Each frequency that needs to be amplified during hearing recovery requires a dynamic filter. The dynamic filter operates with a dynamically varying gain that depends on the dynamically varying input signal level at the filter frequency. For dynamic filters, many basic filter topologies are possible. For example, IIR topology, FIR topology, etc., or combinations thereof. Regardless of the filter type, there is always a direct relationship between the filter bandwidth and the time domain response. The time domain response of a narrower bandwidth filter is poorer than a wider bandwidth filter. As the bandwidth of the filter decreases, more ringing will appear on the filter output. Furthermore, the output response of a narrower bandwidth filter after the transient input signal enters the filter will be more delayed and delayed than a wideband filter. The filter order will also have a similar effect on the time response, with higher order filters producing better stop band attenuation or passband gain but exhibiting poorer time domain behavior.
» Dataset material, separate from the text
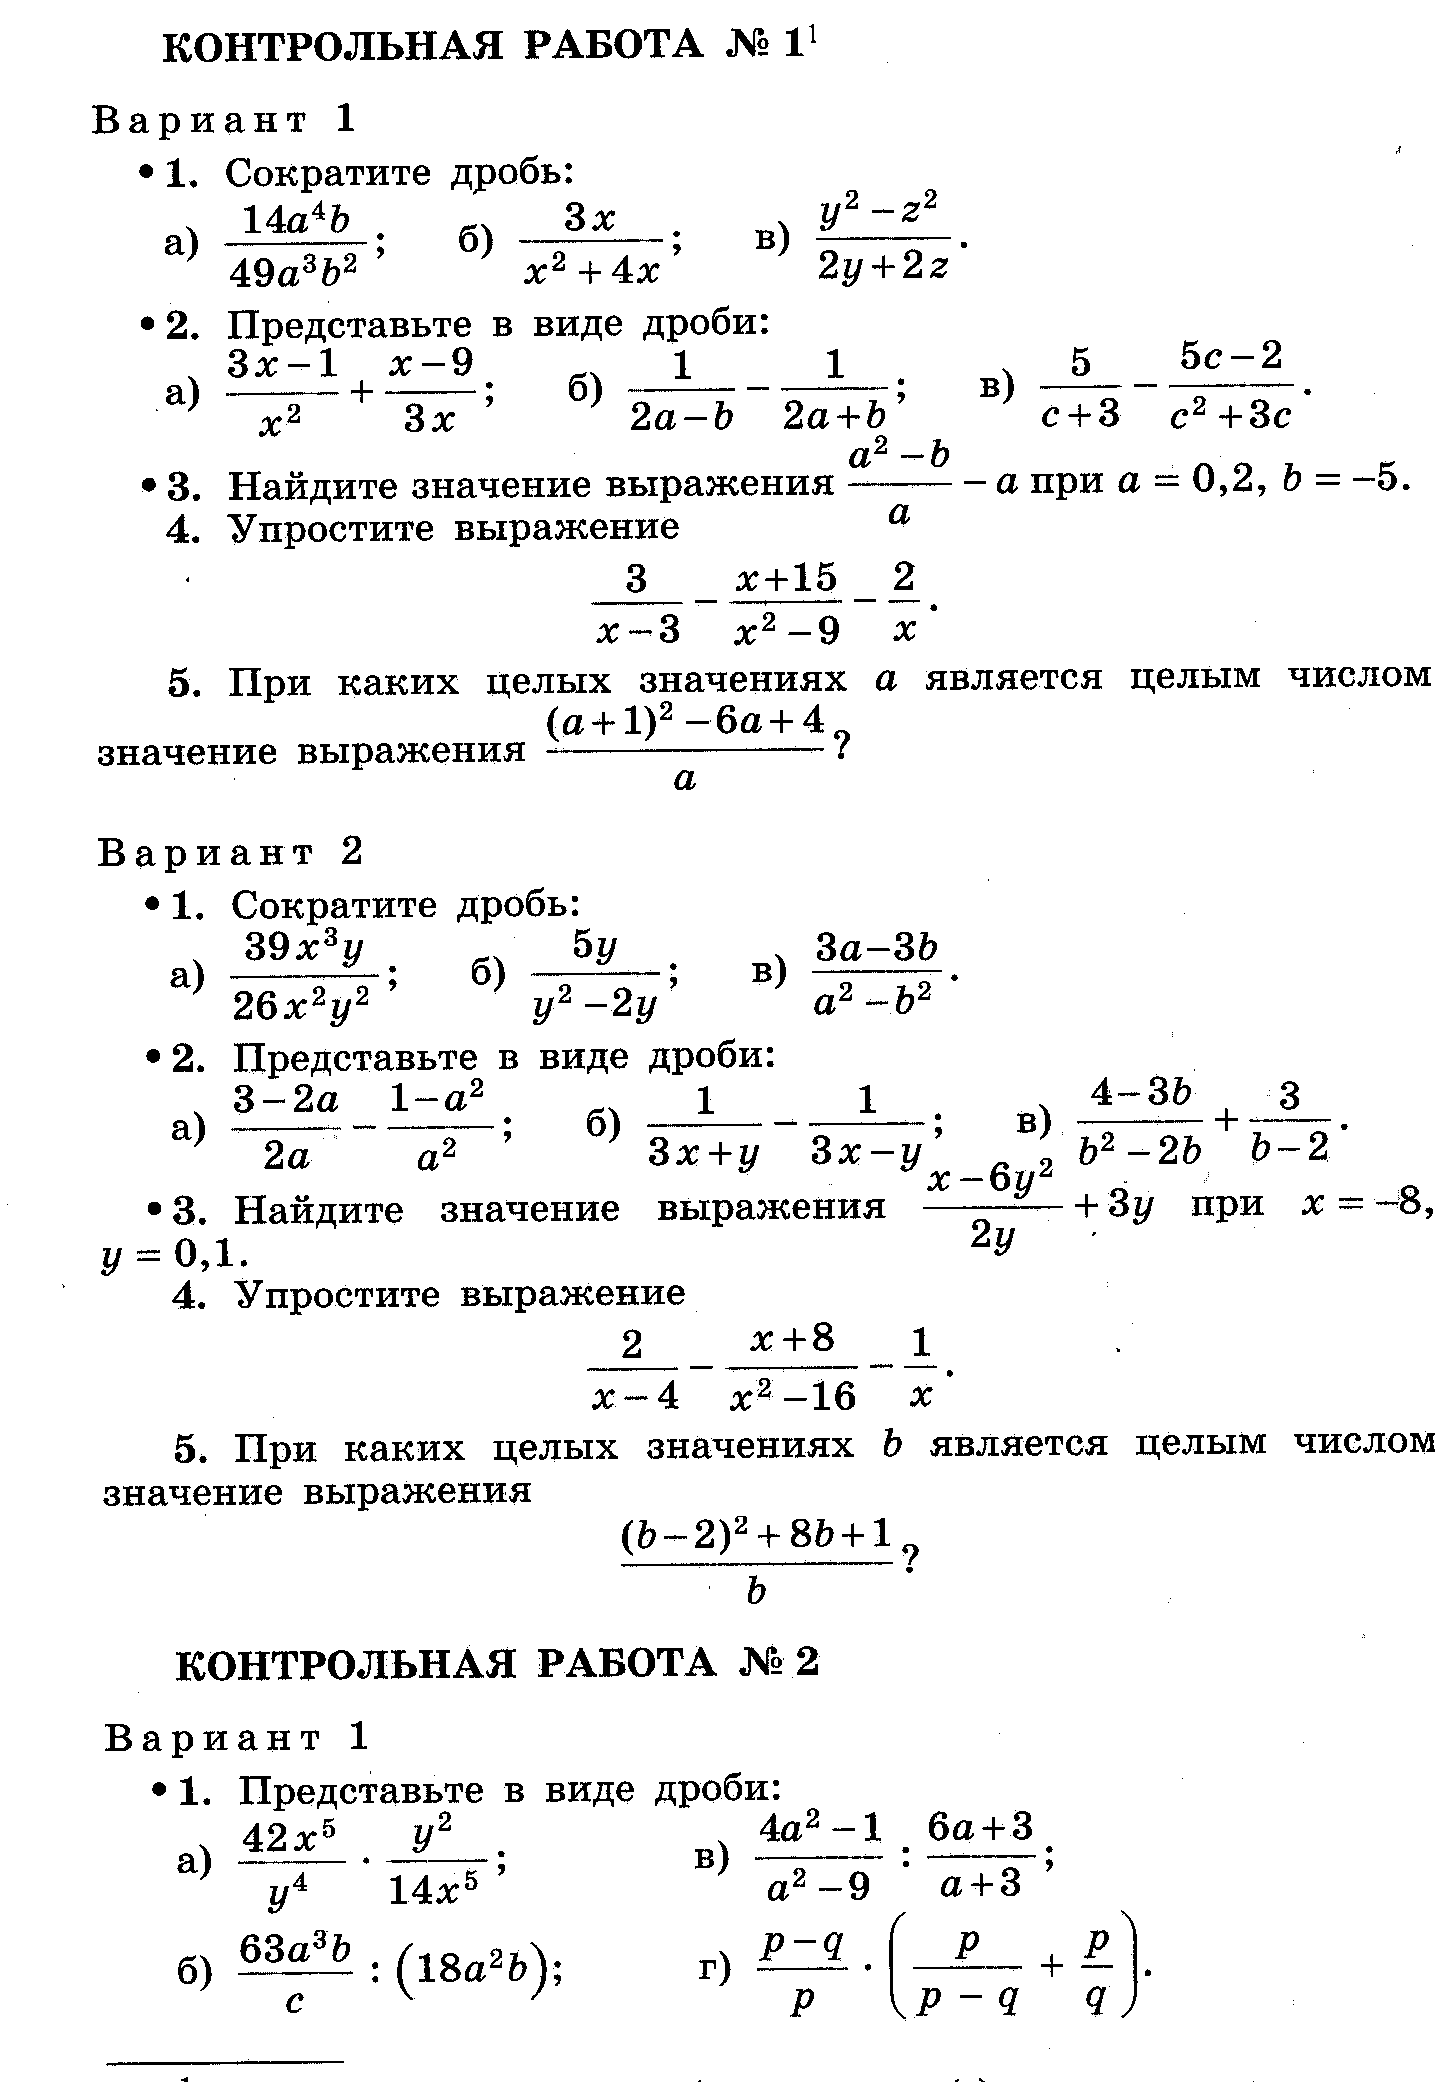 Решать контрольные работы по алгебре 7 класс онлайн биткоин майнинг программы cpu

Human hearing is very sensitive to time domain anomalies and filters with significant ringing and slow response times can result in clearly audible sound attenuation. In products and systems intended to improve hearing, sound attenuation is obviously unacceptable and therefore a sufficiently wideband filter is required. If the 1kHz and 2kHz filters discussed previously were sufficiently narrow that each filter contributed only 0.1dB of gain at adjacent frequencies, then their Q value at 6dB gain would have to be about 5.3. This is a high Q value, which after a step in the input signal results in a significant ringing of the filter output exceeding 10ms, and which will significantly audibly degrade the sound quality. Thus, a much lower Q filter is required and a Q filter below 1 performs better, the only significant disadvantage being that the gain contribution of adjacent filters must be compensated.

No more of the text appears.